If CUI was carried in the Class attribute then NASes (or more accurately)
RADIUS clients would have to infere what is in the Class attribute. This is
because Class can carry more then just CUI.
Since CUI servers one purpose as defined by the draft then the RADIUS
clients just need to use it without interpreting its contents.
> - It has been asserted that one of the use cases for CUI is
> to provide a mechanism for all parties (ISPs, Mediators,
> Brokers, Roaming Consortia Members, etc.) to be able to
> ensure that that get their full share of the attendant
> revenues. In order for any such mechanism to have any
> "teeth" it is required, I think, that the evidence of any
> such transactions, including the CUI, be in a format suitable
> for submission to a court of law. Yes, this is the last
> resort, but without it the system has no checks and balances.
> Therefore, I presume that the CUI must be printable ASCII
> and capable of convincing a Judge that payment for services
> rendered is due to the plaintiff.
Are you suggesting the CUI would be "TEXT" as opposed to "String". I hope
not.

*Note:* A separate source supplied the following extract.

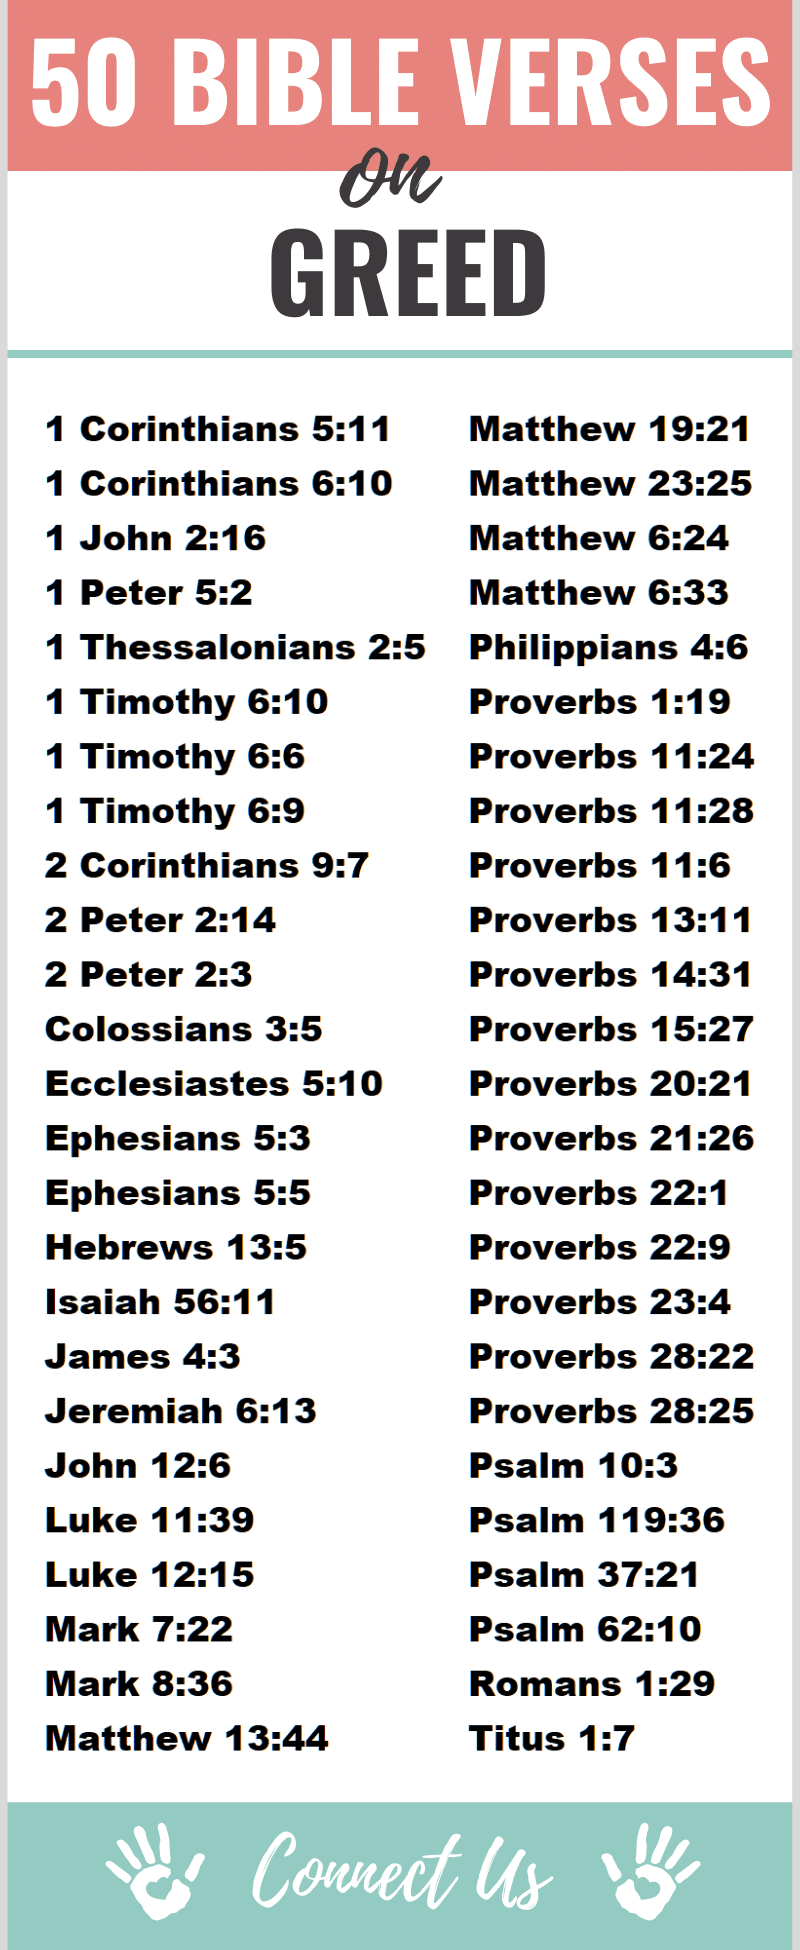 Bible Verses on Greed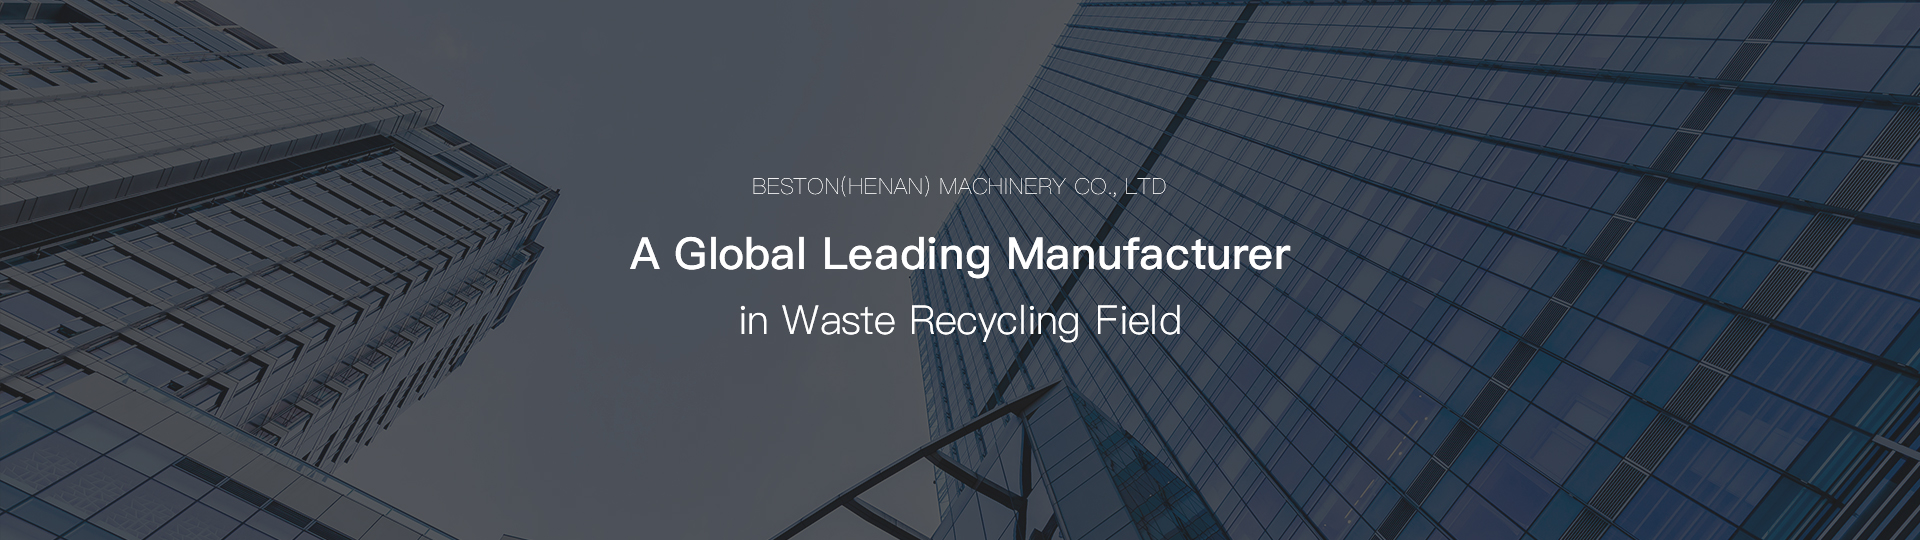 Beston Group - A World's Leading Manufacturer

I mean one of the most crucial piece of evidence would be the
User-name attribute which is a String. So are we going to re-write all of
these attributes in "TEXT". Lets get real here.
I think presentation of a packet has a hex dump as evidence would *not* be
considered novel in judice prudence.
> - It has been asserted that in certain jurisdictions, IPSs
> (and others) may have a legal obligation to provide the
> identity of users who are suspected of launching
> cyber-attacks. In such jurisdictions, one would suppose that
> the level of privacy in the CUI would not be resistant to
> judicial inspection, however that might be arranged. In such
> cases the parties to the transaction need to have a form of
> CUI that that can be delivered to the authorized law
> enforcement authorities.
CUI is a String and is no different then User-Name also a string.
The user identity part in username can be a number as well. As in an account
number. I think we are going ahead of ourselves.
> > I guess you are worried that if there is no standardized format, it
> > could be used at some point in the future to carry other
> > not related to CUI uses;
> That is a secondary concern. There is some inherent
> temptation for implementers to overload IETF standard RADIUS
> attributes, that are opaque strings, with new functions,
> rather that using VSAs, or seeking to standardize new attributes.
How an operator comes up with a unique value is really no concern of ours.
The attribute if it conforms to the draft must be unique for a given amount
> > but as currently defined, I don't see the issue of needing
> a standard
> > format and syntax for CUI.
> Hmmm. If the format of CUI can be *anything*, then it is an
> opaque token or cookie, and fairly indistinguishable from
> Class. Am I missing a fundamental point here?
I think you don't understand how class works.
The fundemental piece that you are missing is that the only entity that can
draw any meaning out of the "Class" attribute is the entity that issued the
"Class" attribute. This is well documented in 2865.